We evaluated whether expression of CD166, an ASC marker [31], in the subcutaneous adipose tissue differs depending on the location within the face using minipigs (Figure 1A,B). CD166 expression in subcutaneous adipose tissue around the ZA was higher than that of the subcutaneous adipose tissue around the frontal forehead (FF), mandible (MD), or lateral temporal (LT) area (Figure 1C). Because we hypothesized that HIFU affects ASCs in the adipose tissue, we applied HIFU to three different areas, the ZA, LT, and MD, which differ in CD166 expression, and compared the effect of HIFU on these areas. We did not apply HIFU to the FF area because of the low CD166 expression in this area. CD166 expression in the ZA, LT, and MD tissues where HIFU was applied was significantly higher than that of the control side.
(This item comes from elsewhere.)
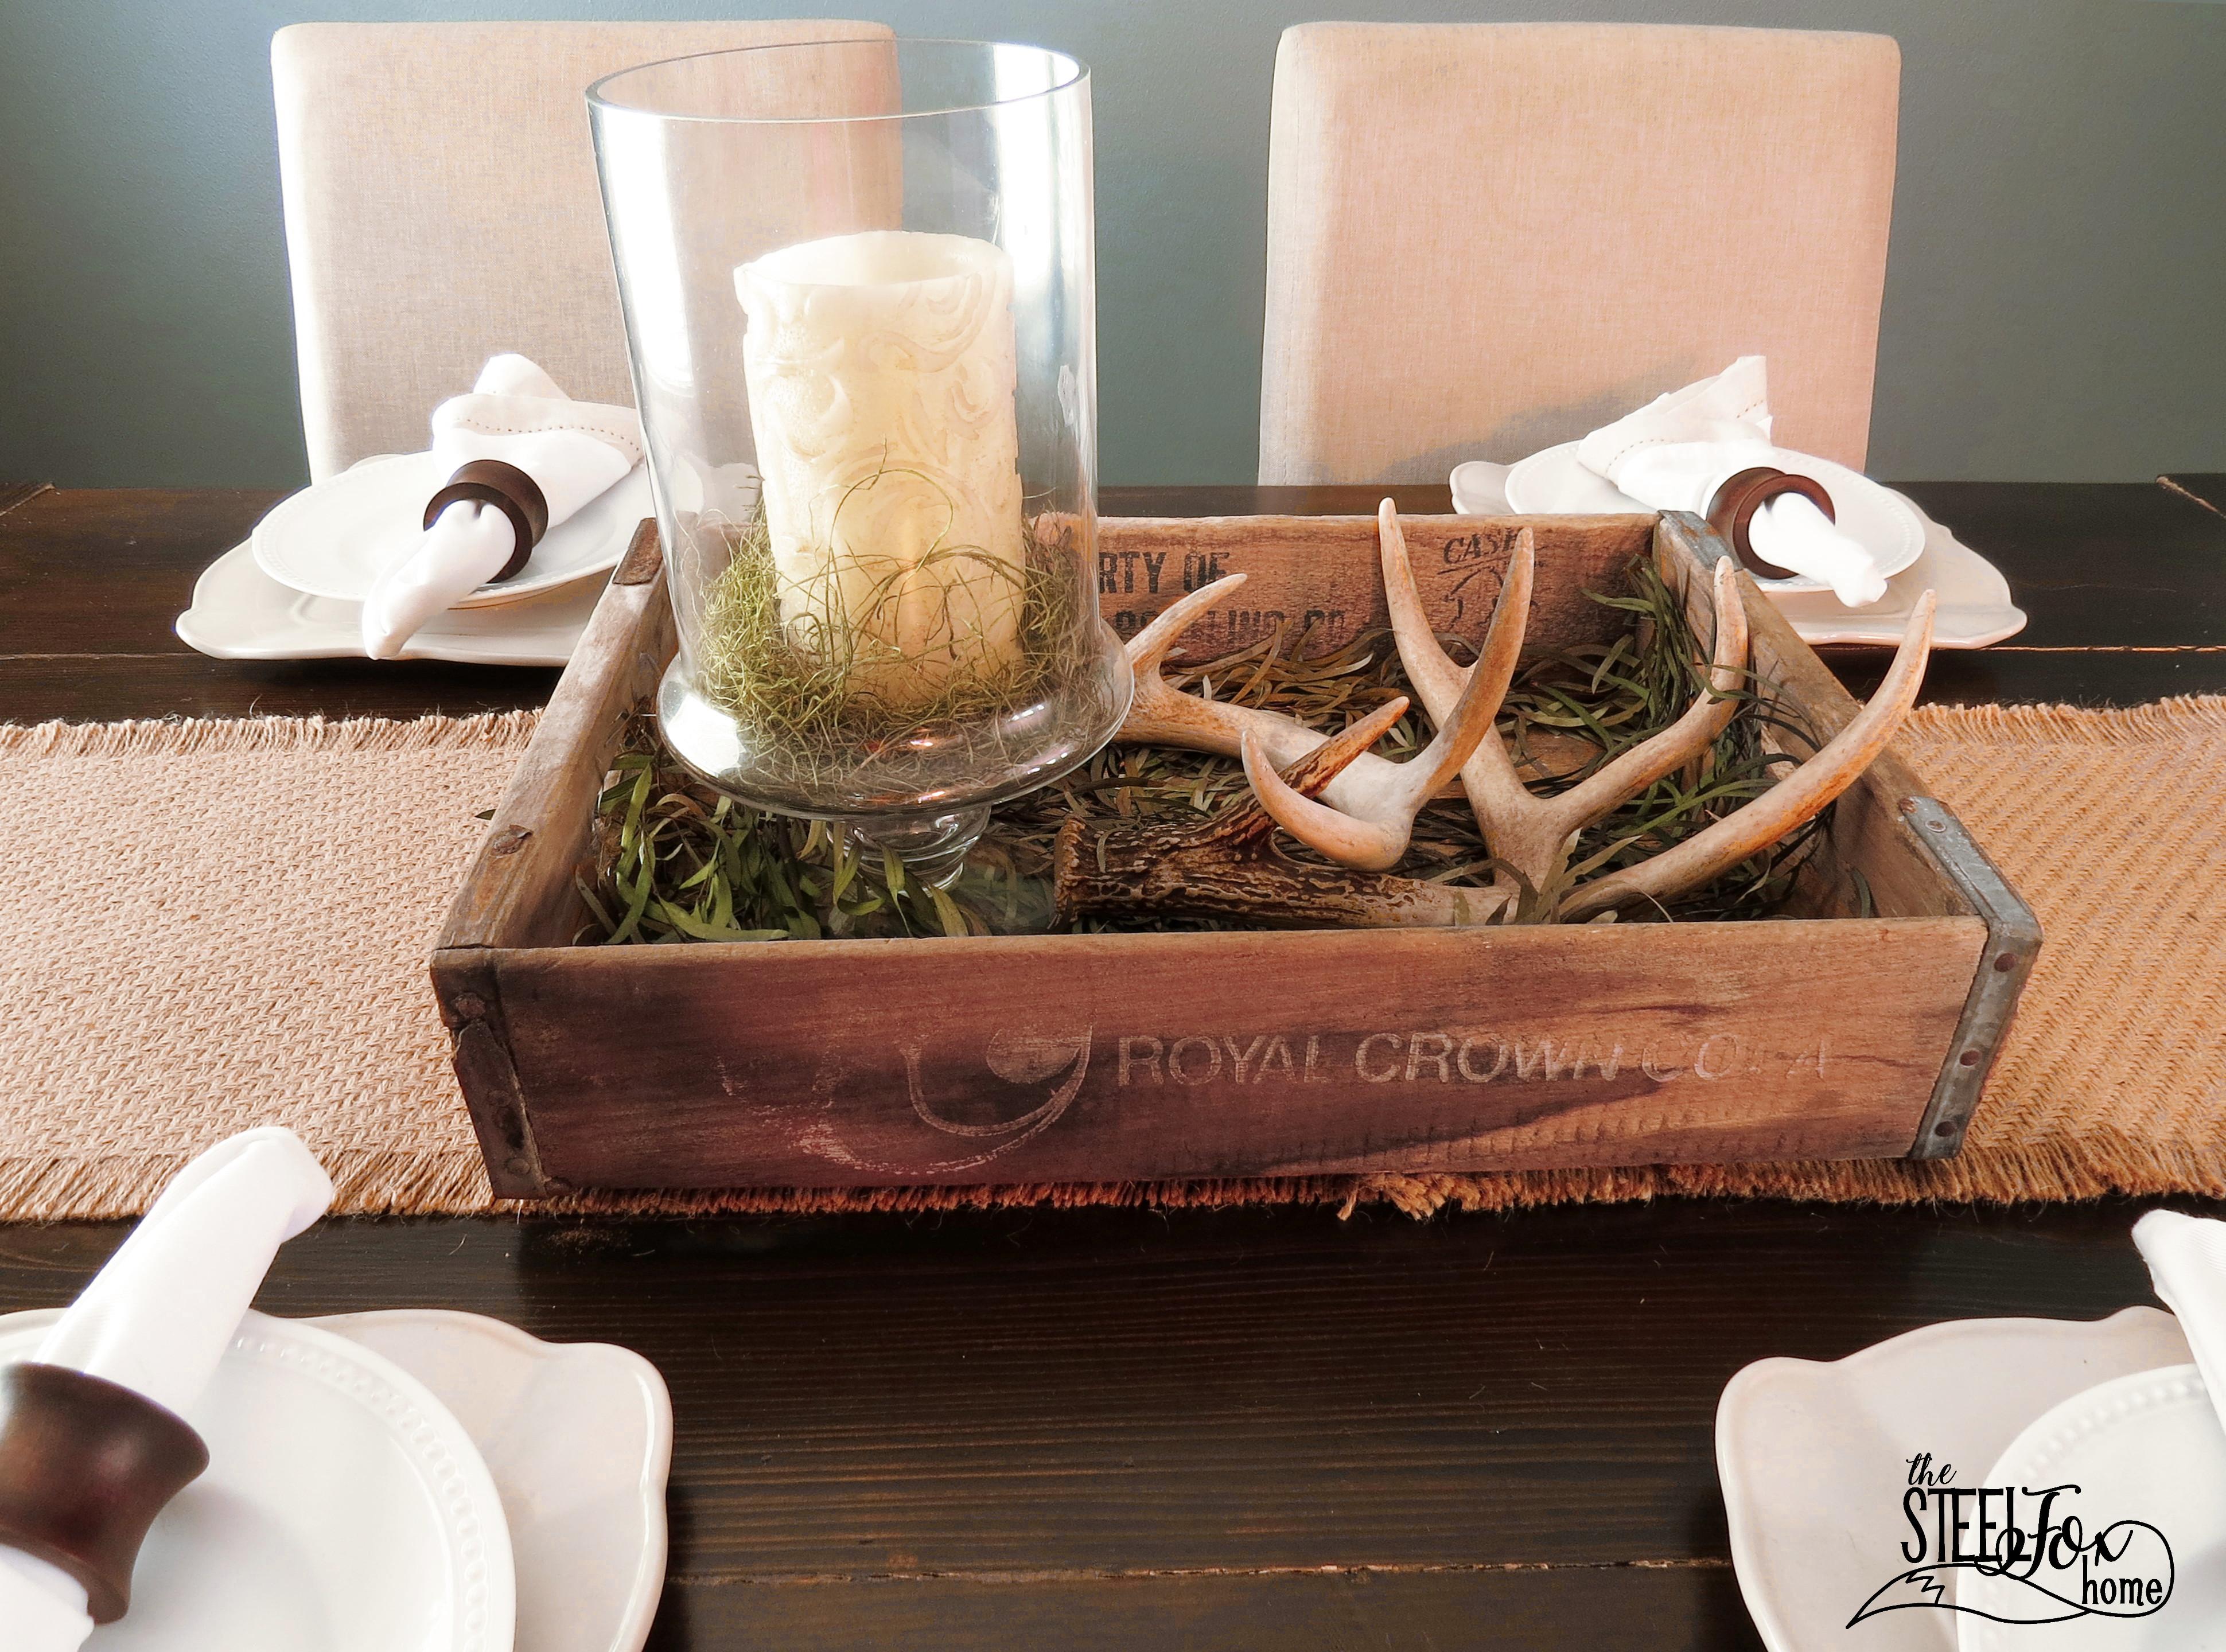 Gentil 4  Farmhouse Fixer Upper Dining Room Renovation Remodel Reveal Table Deer Antler  Centerpiece Patents Vintage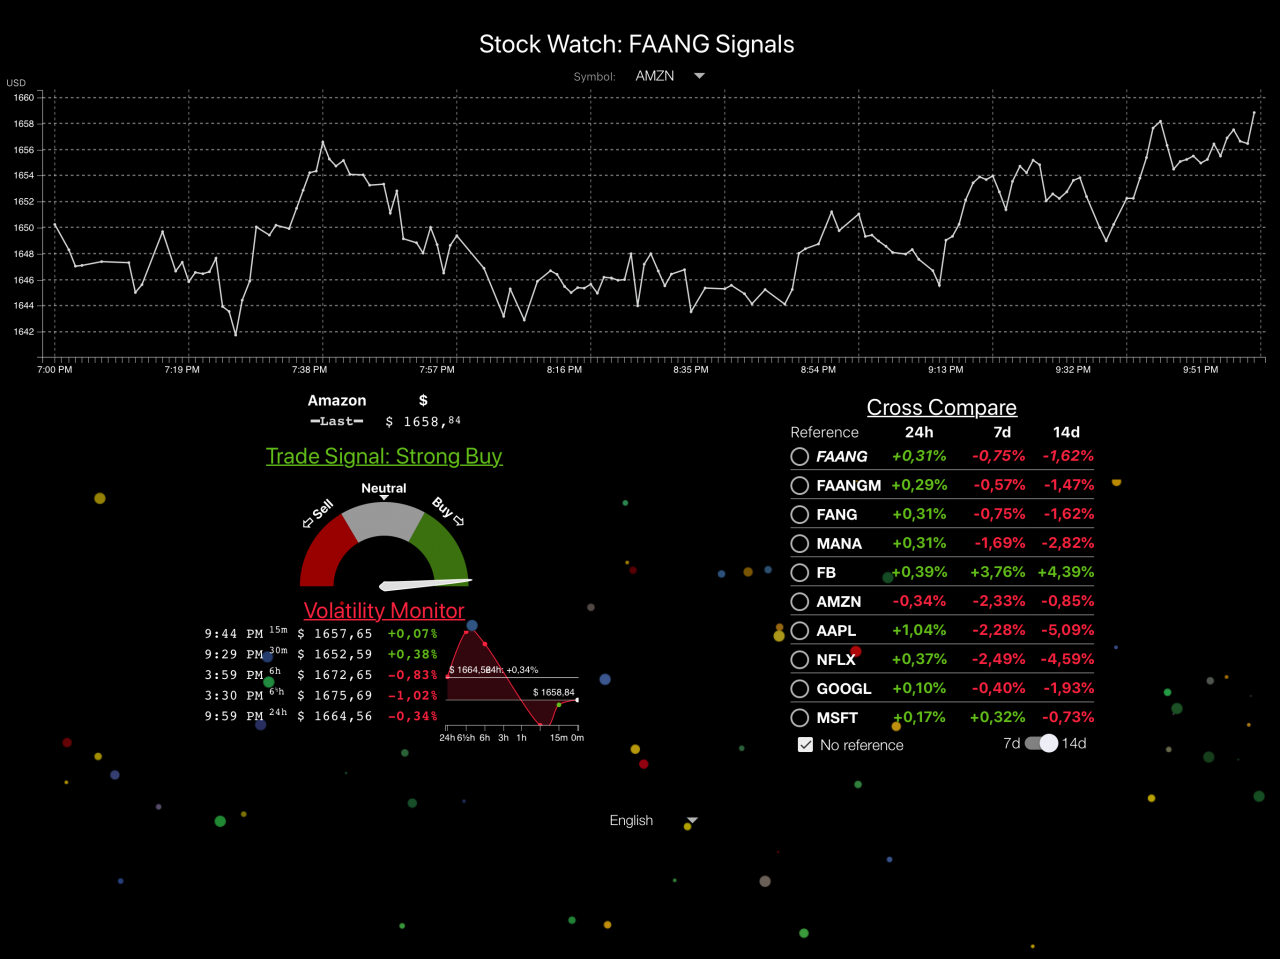 Stock Watch: FAANG Signals

Increased CD166 expression induced by HIFU was most prominent in the ZA (Figure 1D).

2.2. HIFU Increases HSP70 Expression and Decreases NF-κB Expression in Facial Subcutaneous Adipose Tissue

HSP70 expression in the ZA, LT, and MD tissues where HIFU was applied was significantly higher than that of the control side. Increased HSP70 expression induced by HIFU was most prominent in the ZA (Figure 2A). Additionally, NF-κB expression in the ZA, LT, and MD tissues where HIFU was applied was significantly lower than that of the control side. Decreased NF-κB expression induced by HIFU was also most prominent in the ZA (Figure 2B).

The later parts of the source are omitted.